The mycophenolic acid producing ascomycete Penicillium brevicompactum is considered to be an anamorphic (asexual) species, for which a sexual cycle was never observed. However, since recent reports of otherwise asexually propagating filamentous fungi have demonstrated a sexual cycle controlled by mating type loci, we carried out a molecular analysis of mating type loci from P. brevicompactum. Using data from extensive DNA sequencing analysis, we determined the mating type loci from 22 strains derived from various type culture collections. We found 8 strains carrying a MAT1-1 locus encoding a 362 amino acid alpha domain transcription factor. The other 14 possessed a MAT1-2 locus encoding a 298 amino acid HMG domain transcription factor. cDNA analysis confirmed that both mating type loci are transcriptionally expressed. The karyotype of six selected strains, determined using contour-clamped homogeneous electric field (CHEF) electrophoresis, demonstrated distinct differences in size and numbers of chromosomes between the strains investigated. Interestingly, our phylogenetic survey of 72 strains from 11 different Penicillium species revealed that MAT genes serve as excellent molecular markers to determine phylogenetic relationships among species closely related to P. brevicompactum. Based on our sequencing results, we constructed transformation vectors for site-specific deletion of mating type loci from two selected strains of opposite mating type. Complementation strains were constructed containing both the mating type locus deletion cassette and a MAT-egfp fusion gene. These strains were used for comparative phenotypic analyses between strains containing or lacking the mating type gene. Whereas all MAT1-2 strains were indistinguishable, the MAT1-1 and MAT1-1-1 deletion strains differed distinctly. The MAT1-1-1 deletion strain produced more conidiospores on solid media, but smaller pellets in liquid media. This is probably the consequence of fewer conidial germ tubes than with the wild type mating type strain. Finally, we showed that the MAT-EGPF fusion protein is localized to the nuclei and detectable in protein samples by Western analysis. Together, our results suggest that the asexually propagating fungus P. brevicompactum might be a heterothallic species with a cryptic sexual life cycle.

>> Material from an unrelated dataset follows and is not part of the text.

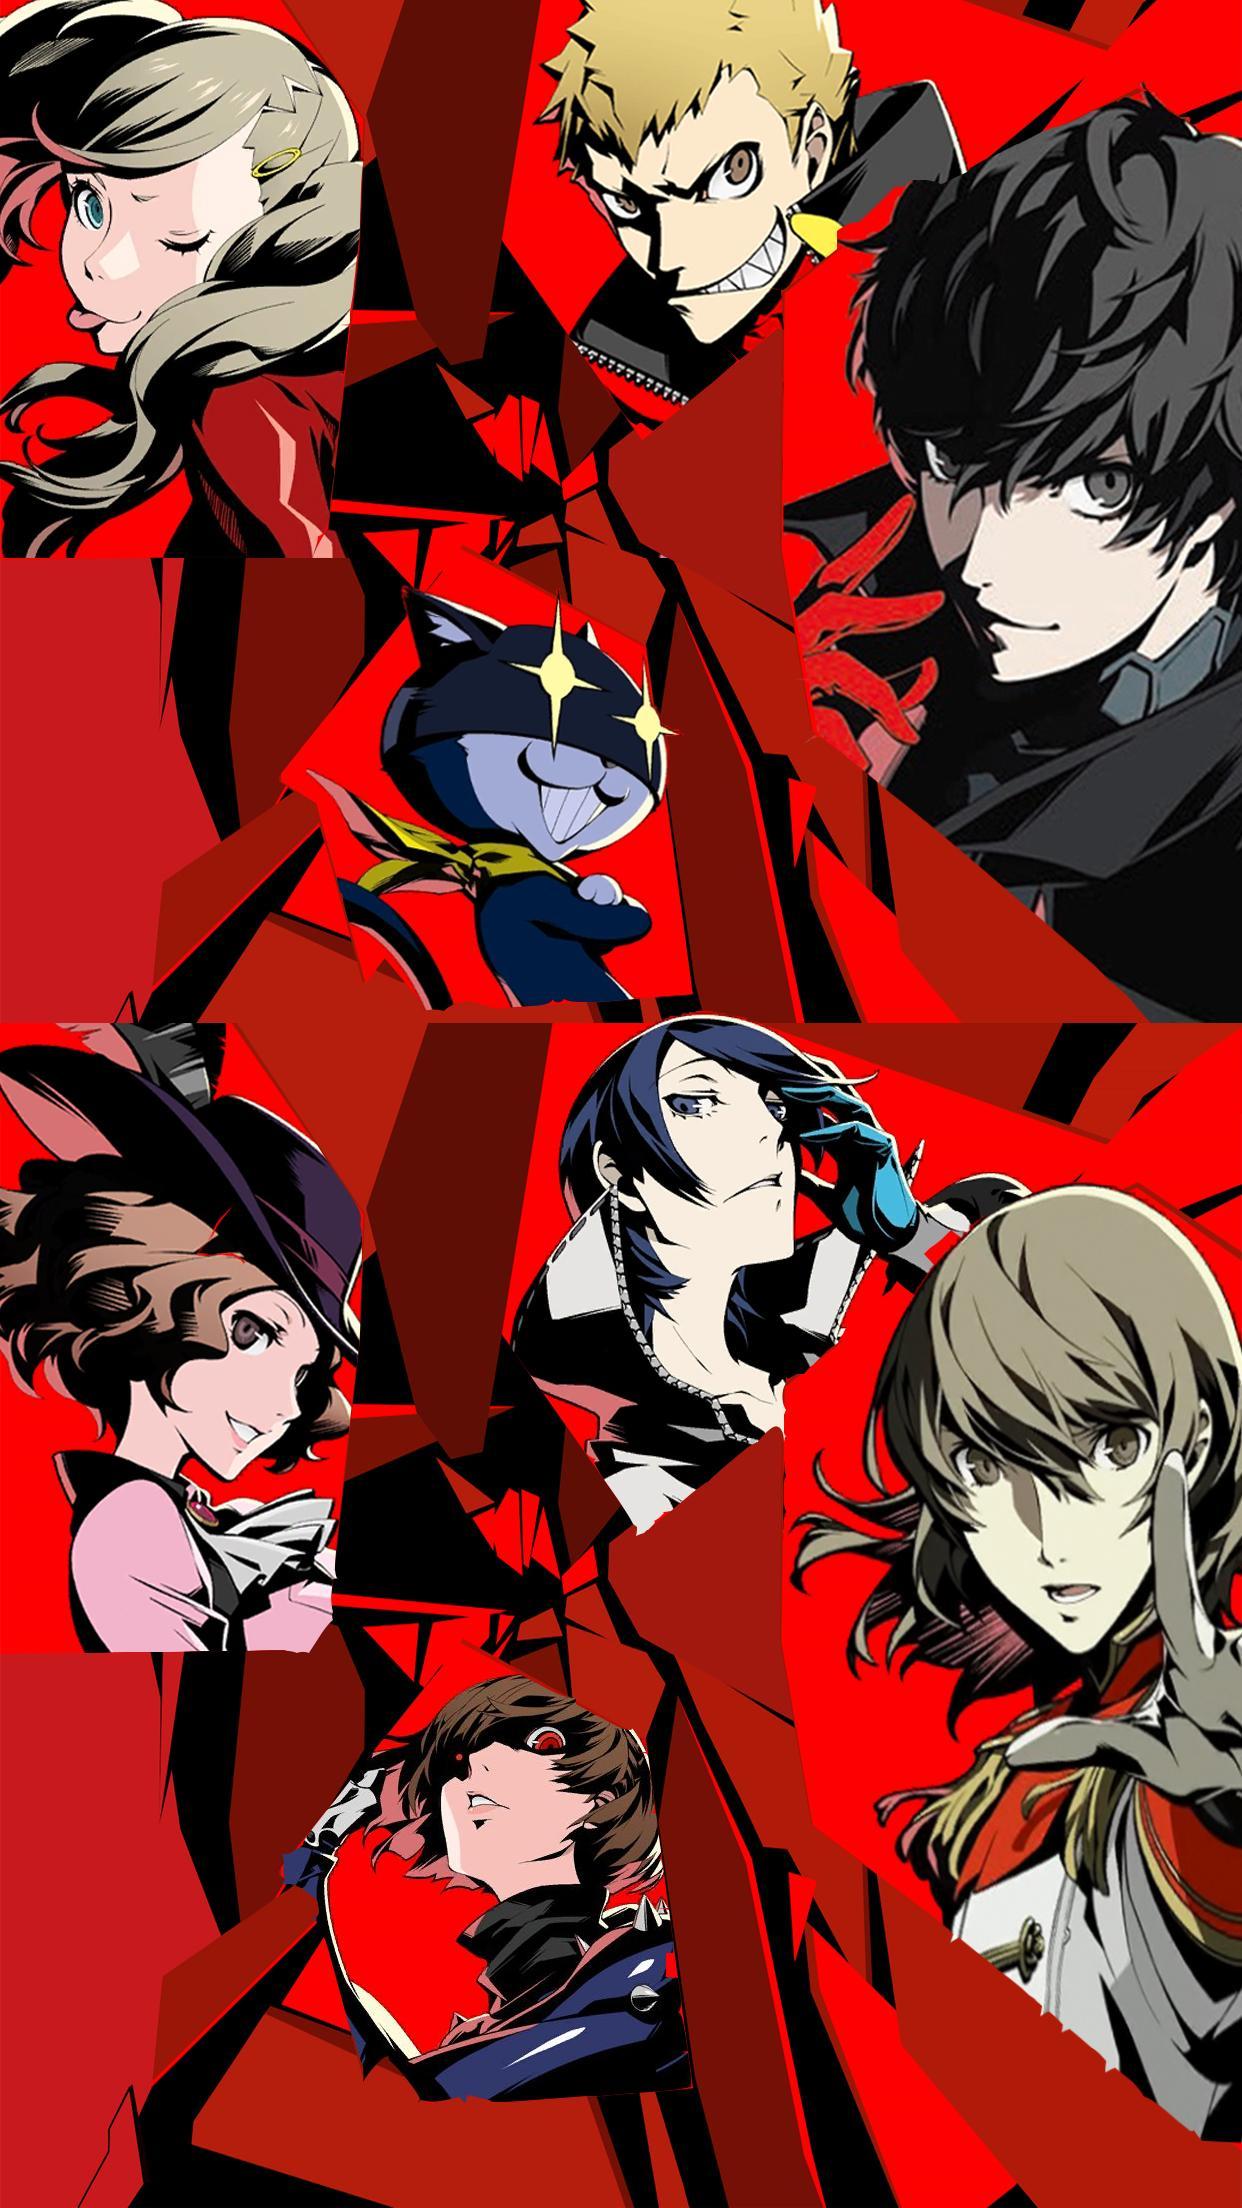 Persona 5 Royal Dlc 3113301 Hd Wallpaper Backgrounds Download
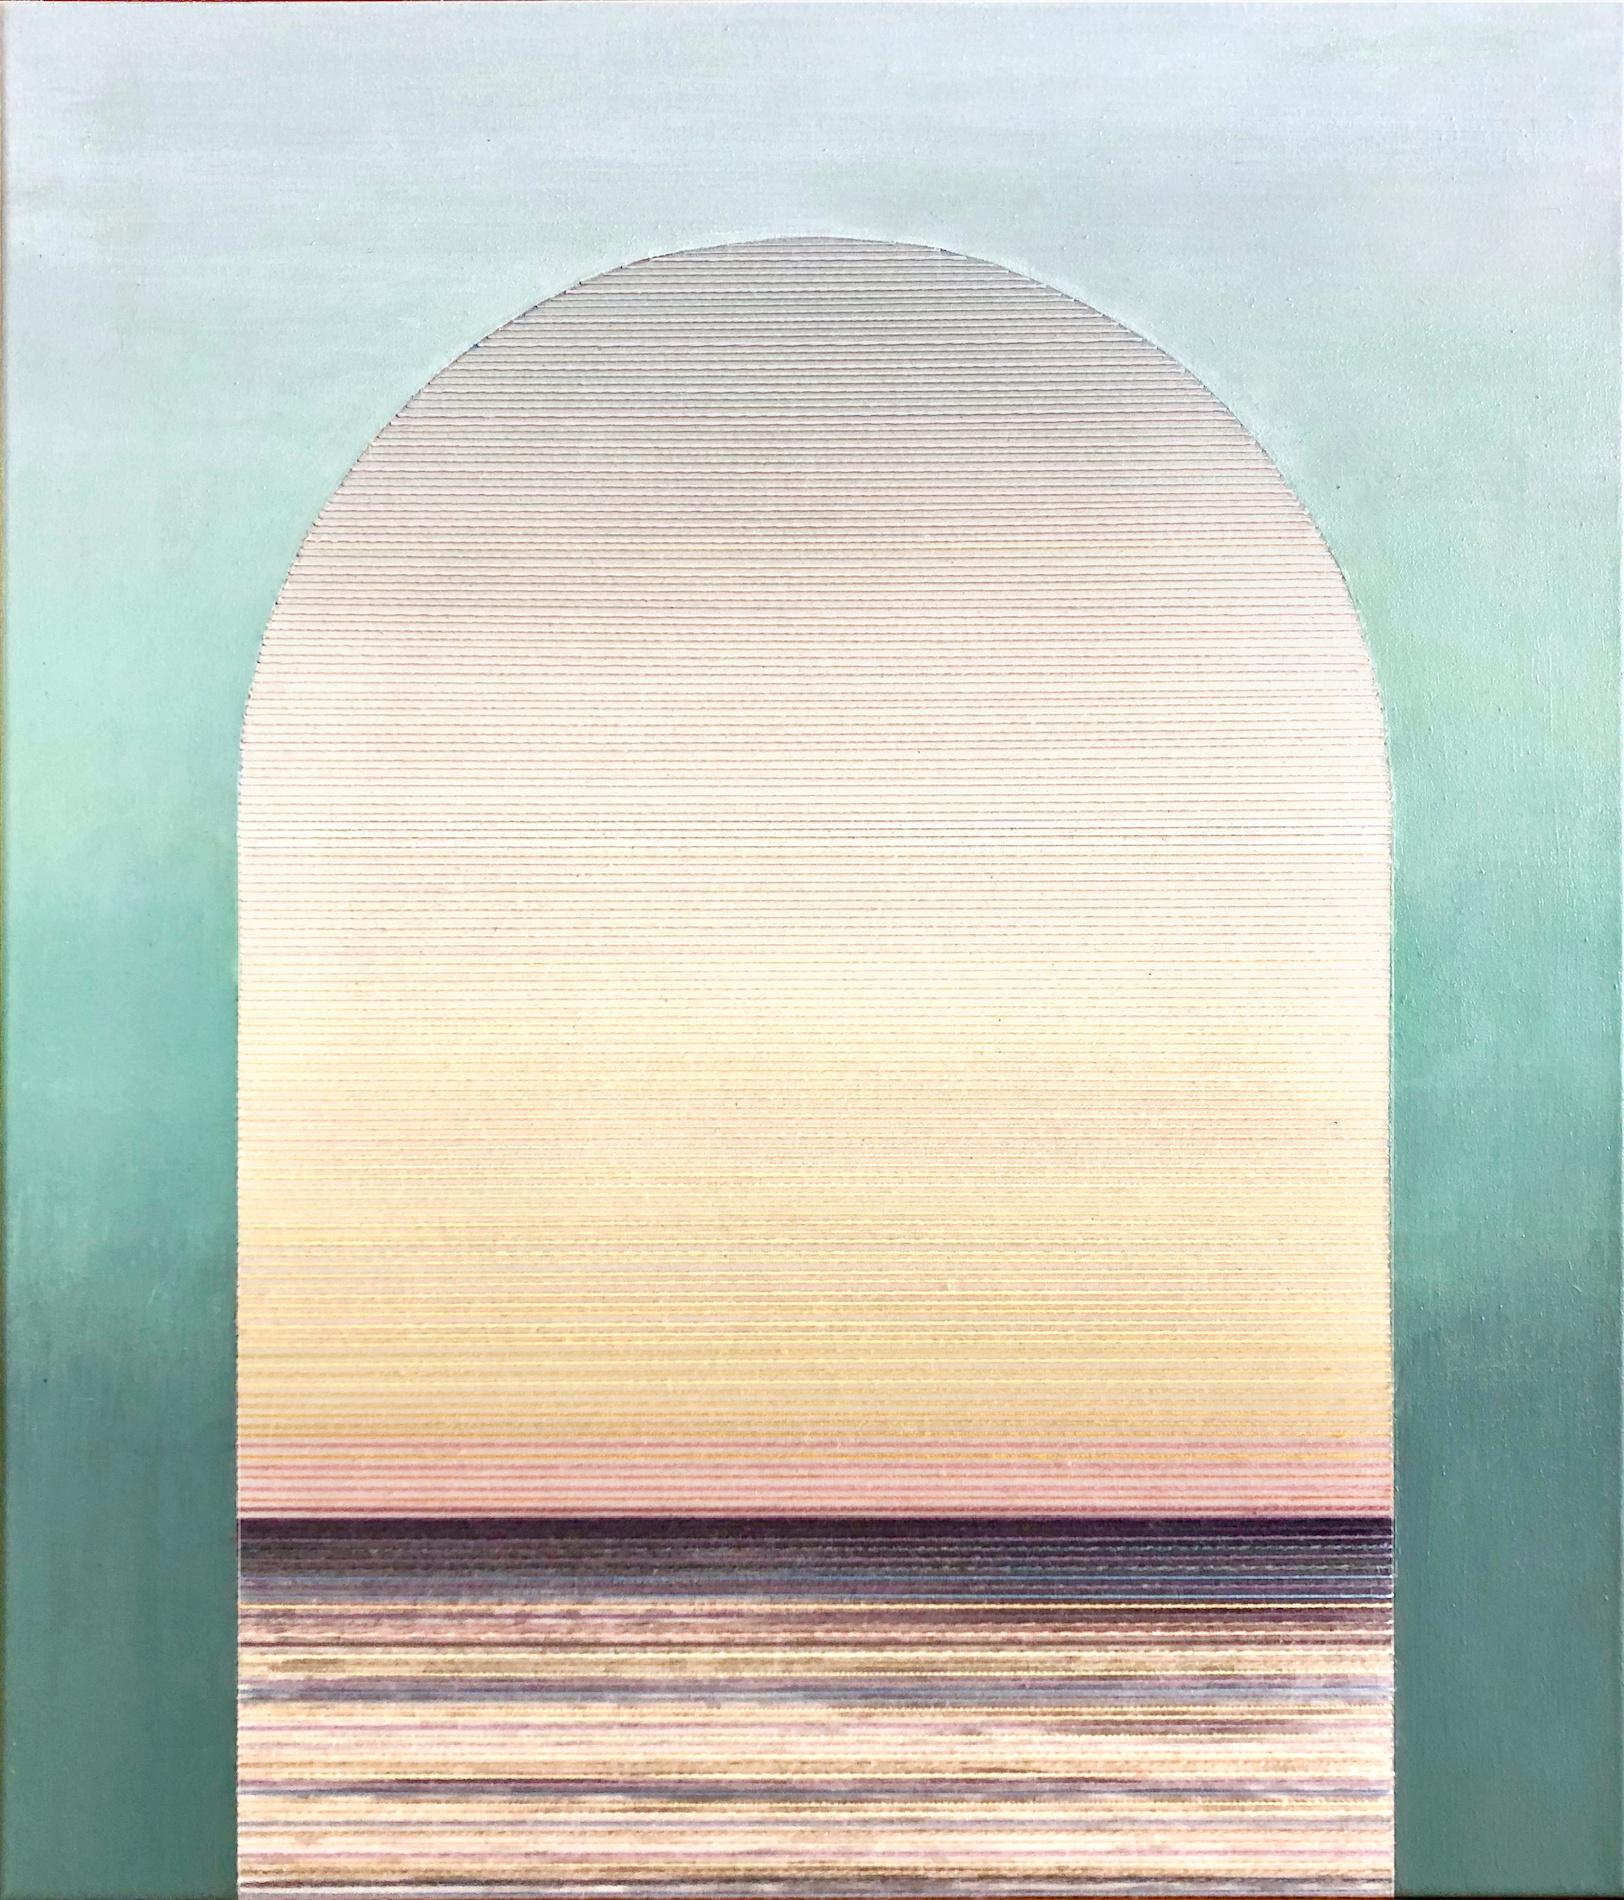 Linda Männel: Jaula d'Oro III, 2019, Tusche/Garn auf Leinwand/Acrylfarbe, 60 x 70 cm,

产麦角酸的曲霉 Penicillium brevicompactum 被认为是一种无性(无性)物种,从未观察到其有性周期。然而,由于最近有报道称,原本无性繁殖的丝状真菌的性周期受到交配型基因座的控制,我们对 P. brevicompactum 的交配型基因座进行了分子分析。利用广泛的 DNA 测序分析数据,我们从来自各种类型培养物收集的 22 个菌株中确定了交配型基因座。我们发现 8 株携带 MAT1-1 基因座,该基因座编码一个 362 个氨基酸的α结构域转录因子。其他 14 株含有 MAT1-2 基因座,该基因座编码一个 298 个氨基酸的 HMG 结构域转录因子。cDNA 分析证实这两个交配型基因座均转录表达。使用连续限制均匀电场(CHEF)电泳对 6 个选定菌株的染色体组型进行分析,结果表明,所研究菌株之间的染色体大小和数量存在明显差异。有趣的是,我们对来自 11 种不同青霉属物种的 72 株菌的系统发育调查表明,MAT 基因是确定与 P. brevicompactum 密切相关的物种之间系统发育关系的极好分子标记。基于我们的测序结果,我们构建了用于从两个具有相反交配型的选定菌株中定点删除交配型基因座的转化载体。构建了包含交配型基因座缺失盒和 MAT-egfp 融合基因的互补菌株。这些菌株用于比较含有或缺乏交配型基因的菌株之间的表型分析。虽然所有 MAT1-2 菌株都无法区分,但 MAT1-1 和 MAT1-1-1 缺失菌株则明显不同。MAT1-1-1 缺失菌株在固体培养基上产生的分生孢子更多,但在液体培养基中形成的菌球更小。这可能是由于分生孢子发芽管比野生型交配型菌株少的结果。最后,我们证明 MAT-EGFP 融合蛋白定位于细胞核,并可通过 Western 分析在蛋白质样品中检测到。综上所述,我们的研究结果表明,无性繁殖的真菌 P. brevicompactum 可能是一种异型交配的物种,具有隐生的有性生命周期。